The Amazon case has demonstrated that if the United States does not get up to speed with domestic subsidy legislation, not only will American companies struggle in the more-level playing field of the European market, as Kennedy feared more than half a century ago, but the United States will also no longer be the driving force in directing international trade rules. America will become a rule taker, and not a rule maker. The future of American prosperity in the next century is at stake.
When I graduated in 2017, most of my friends went to Seattle or New York for work. Their computer-science backgrounds meant six-figure salaries, and their neighborhoods meant thousands in monthly rent. For me, a humanities major with no coding experience to speak of, D.C. was a happy medium, offering solid professional experience and somewhat affordable housing while I found my footing. I found full-time positions that paid me enough to afford rent and start saving for retirement.

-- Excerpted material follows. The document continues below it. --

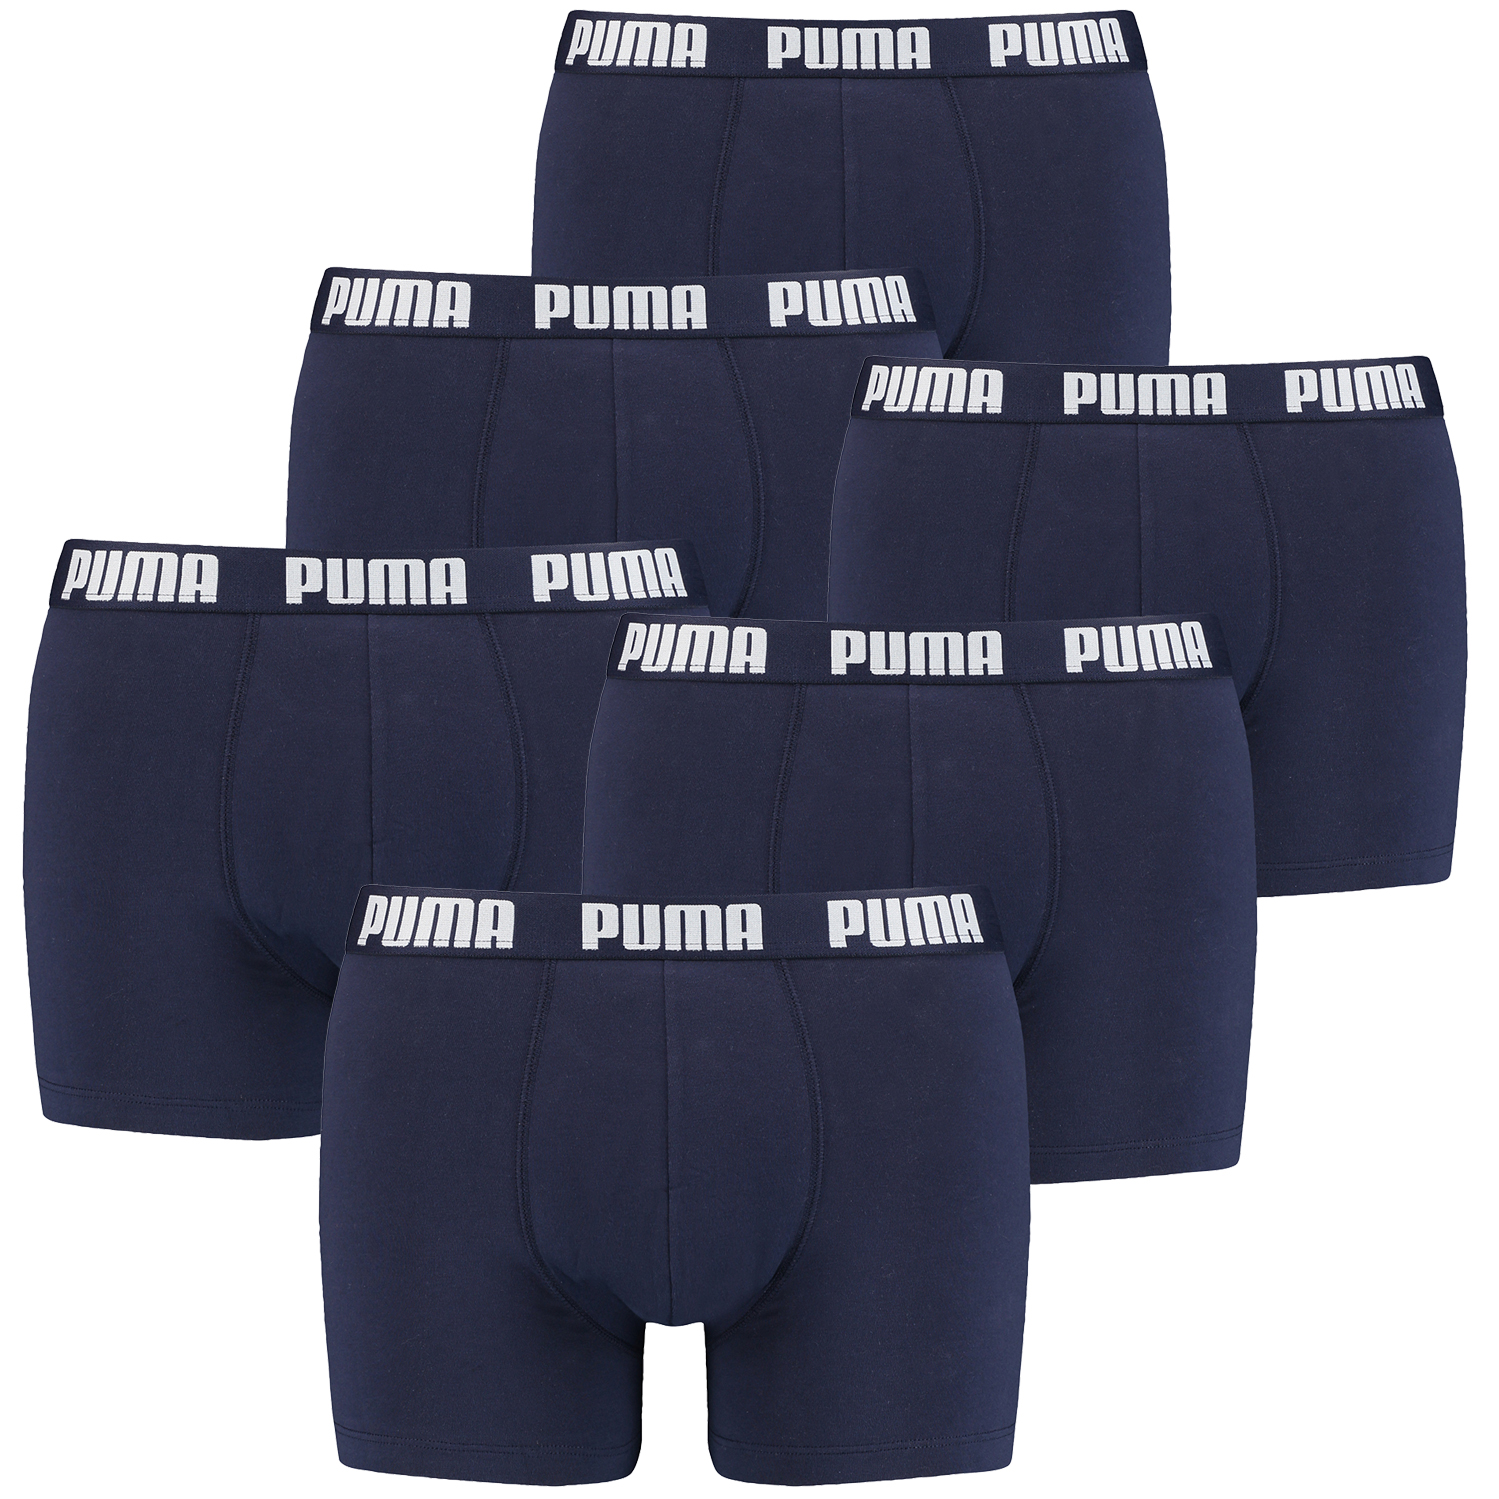 Puma Boxer Briefs Boxershorts Men Herren Everyday Unterhose Pant Unterwäsche 6 er Pack

My peers can’t afford Amazon coming to D.C. Most folks I know make less than $60,000 a year—those who make more are either defense contractors or data scientists, or have advanced degrees. Entry-level workers in the nonprofit sector, much less the majority of paid interns and Hill staffers, can’t afford a rent hike.
There are cities where HQ2 could have created real value. I worry that it will do more harm than good in Arlington.
Alana Semuels replies:
Connor is right that the presence of Amazon and other tech companies that offer high salaries will likely make Arlington less affordable for the government and nonprofit workers who already live there. Looking at the S&P CoreLogic Case-Shiller Index, which measures home prices, Seattle and San Francisco, two tech hubs, saw the biggest price spikes over the past year: 13 percent in San Francisco and 11 percent in Seattle. Washington, D.C., by contrast, saw only a 3 percent increase over the past year. There is some good news for Arlington residents: There are fewer limits to building in Virginia, and Virginia doesn’t have the same space constraints as San Francisco and Seattle, which are both hemmed in by mountains and the ocean. But residents who want to make sure they’re not displaced should hold local officials accountable for creating more housing—what led to affordability problems in San Francisco and Seattle was when companies created a lot of jobs and housing did not follow.